» **Data excerpt**:

____________________

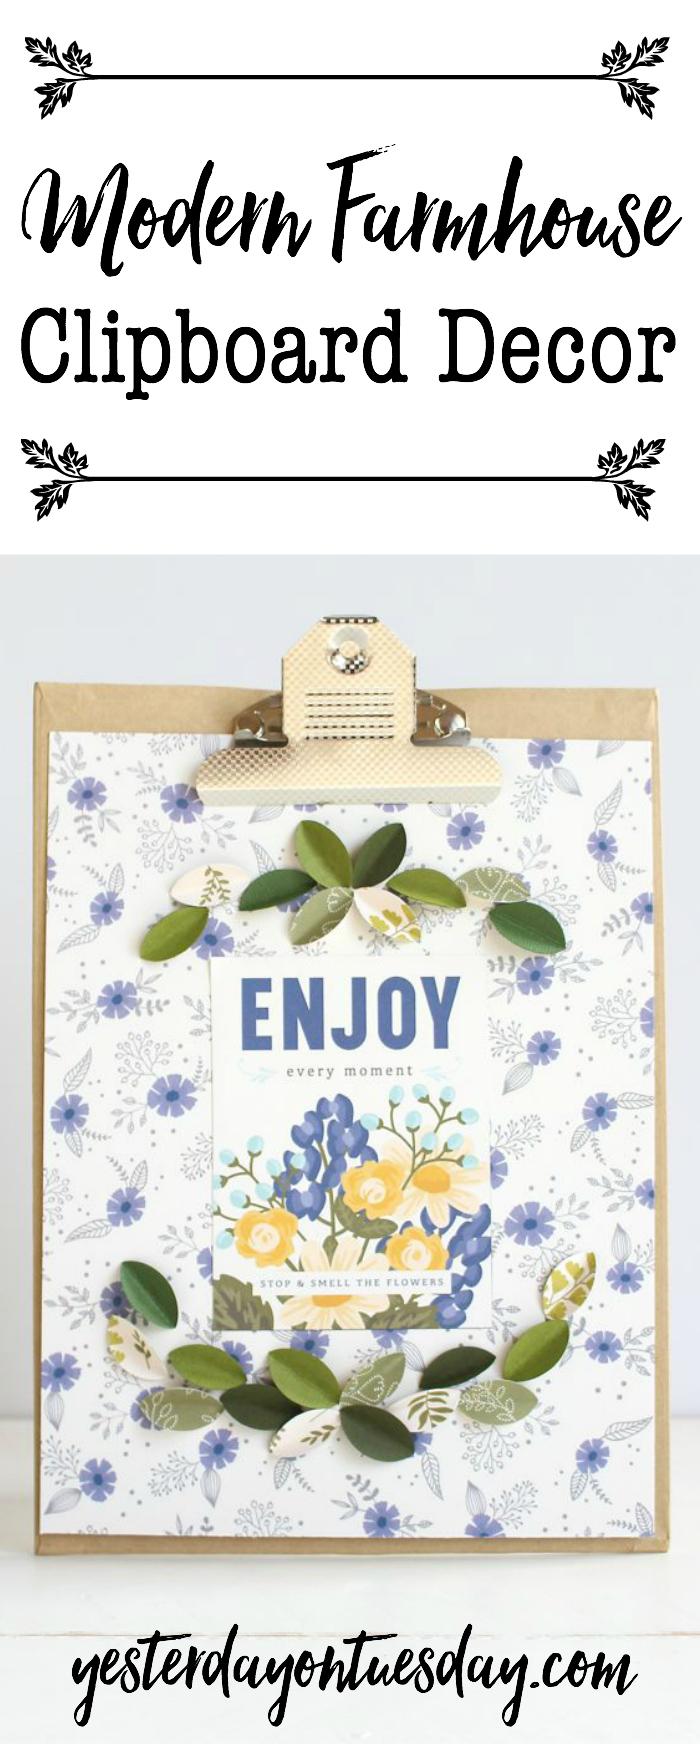 Modern Farmhouse Clipboard Decor: How to make darling fixer upper style art including mini magnolia leaves!
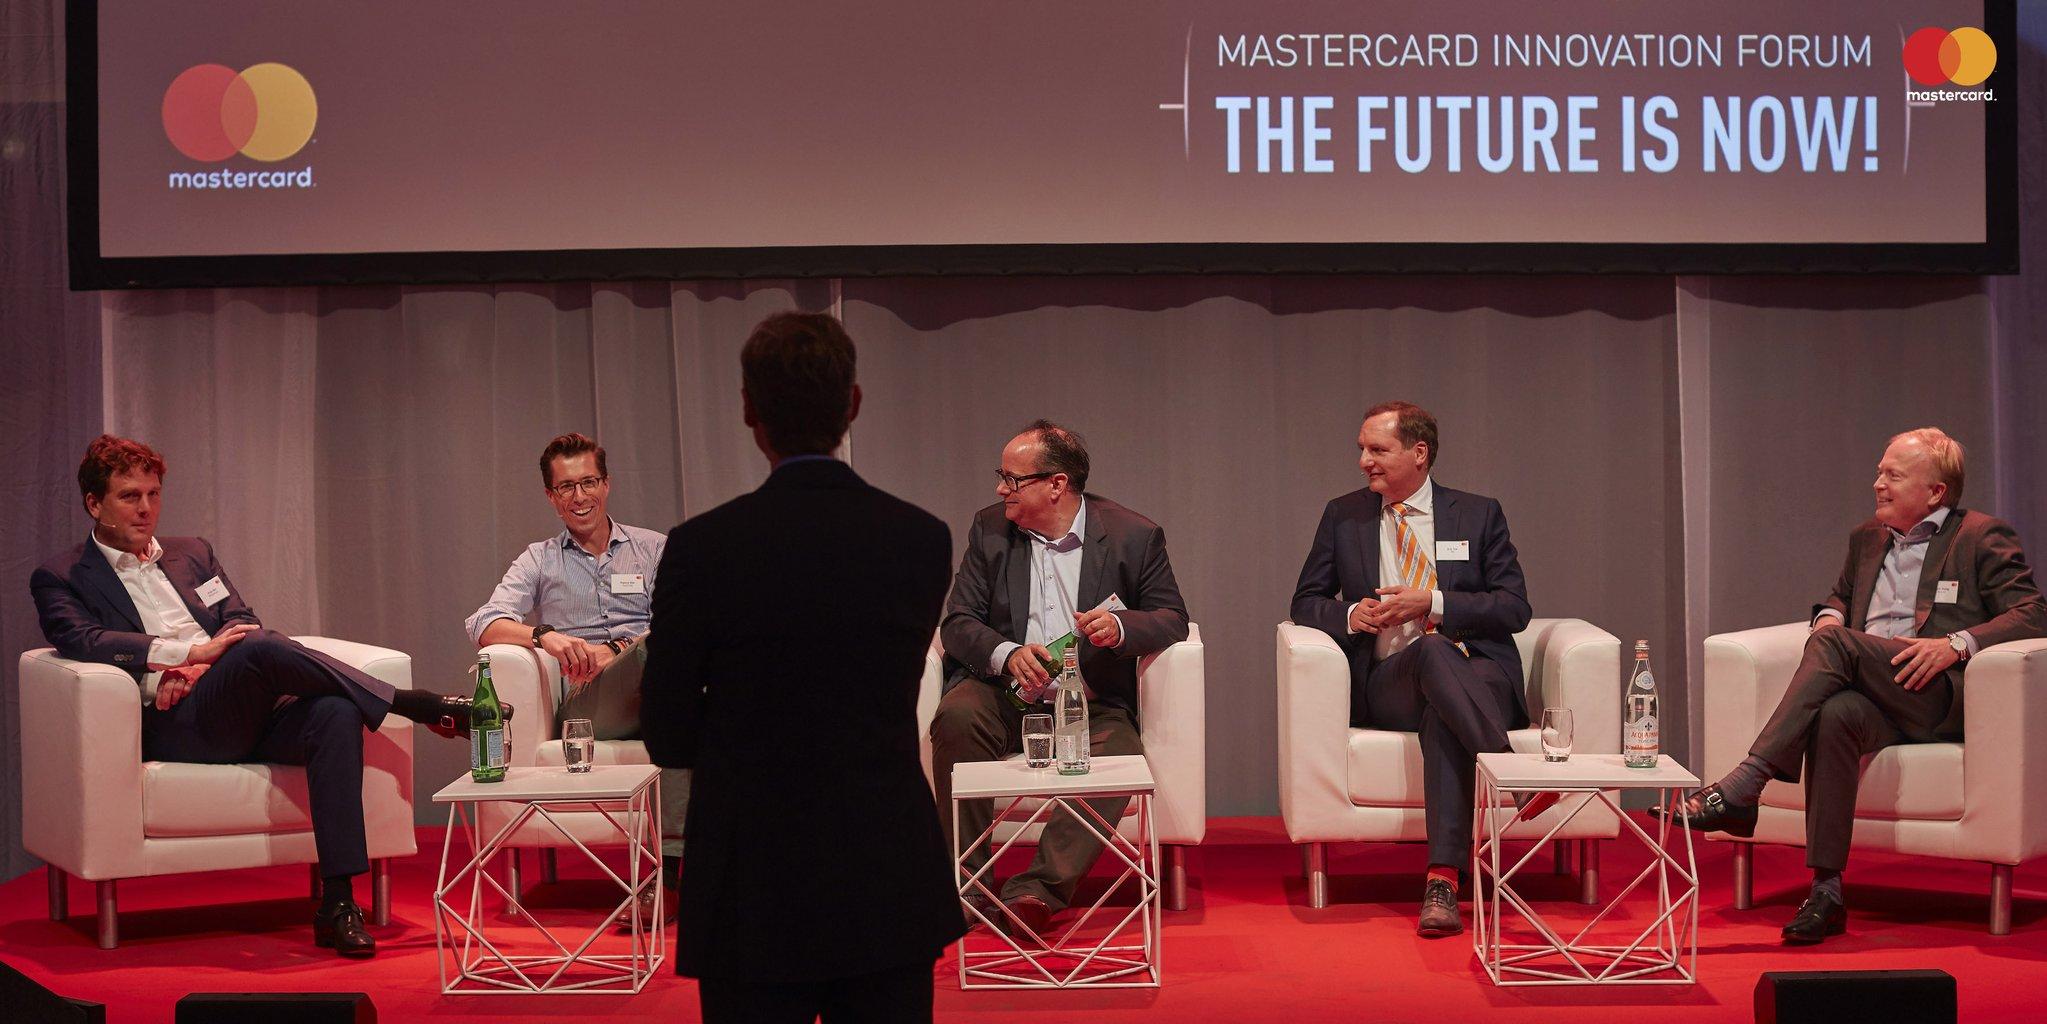 mastercard-innovation-forum-2
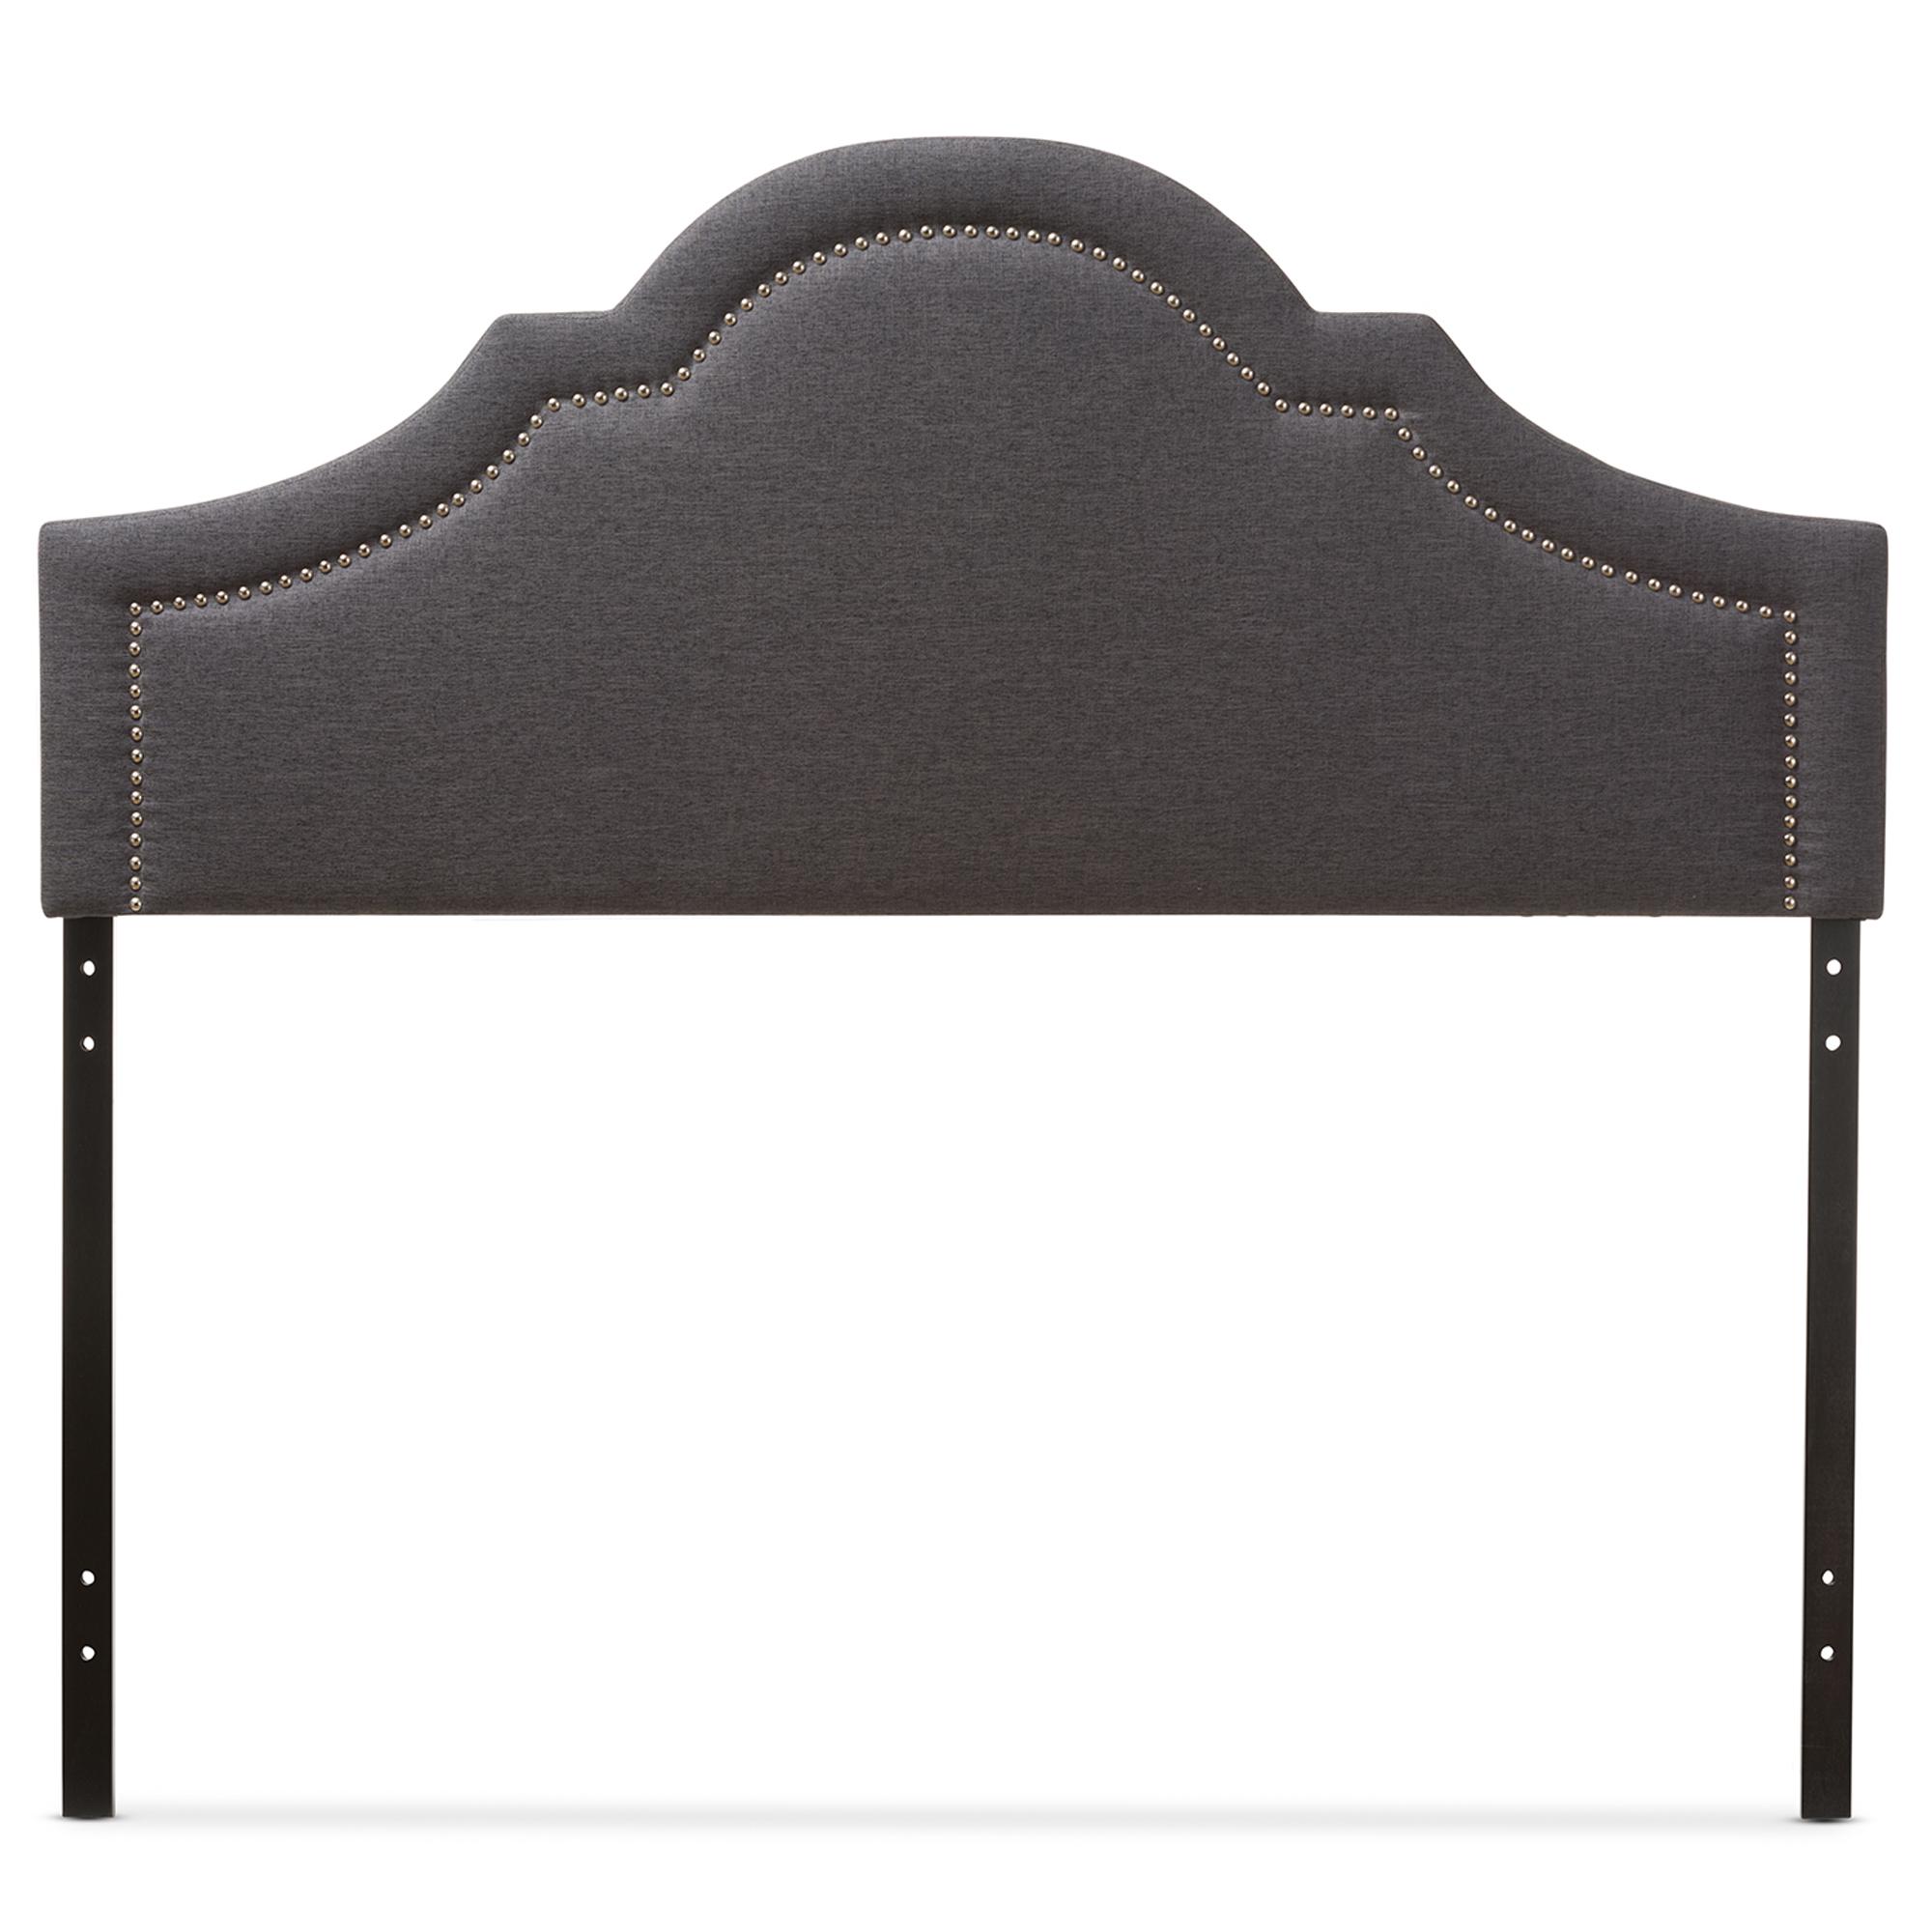 Baxton Studio Rita Modern and Contemporary Dark Grey Fabric Upholstered Queen Size Headboard

____________________

» **What you need to do**:
Only the text of the listing above is wanted, transcribed exactly, without its images.

» **Answer for this exercise**:
 Modern Farmhouse Clipboard Decor: How to make darling fixer upper style art including mini magnolia leaves!
 mastercard-innovation-forum-2
 Baxton Studio Rita Modern and Contemporary Dark Grey Fabric Upholstered Queen Size Headboard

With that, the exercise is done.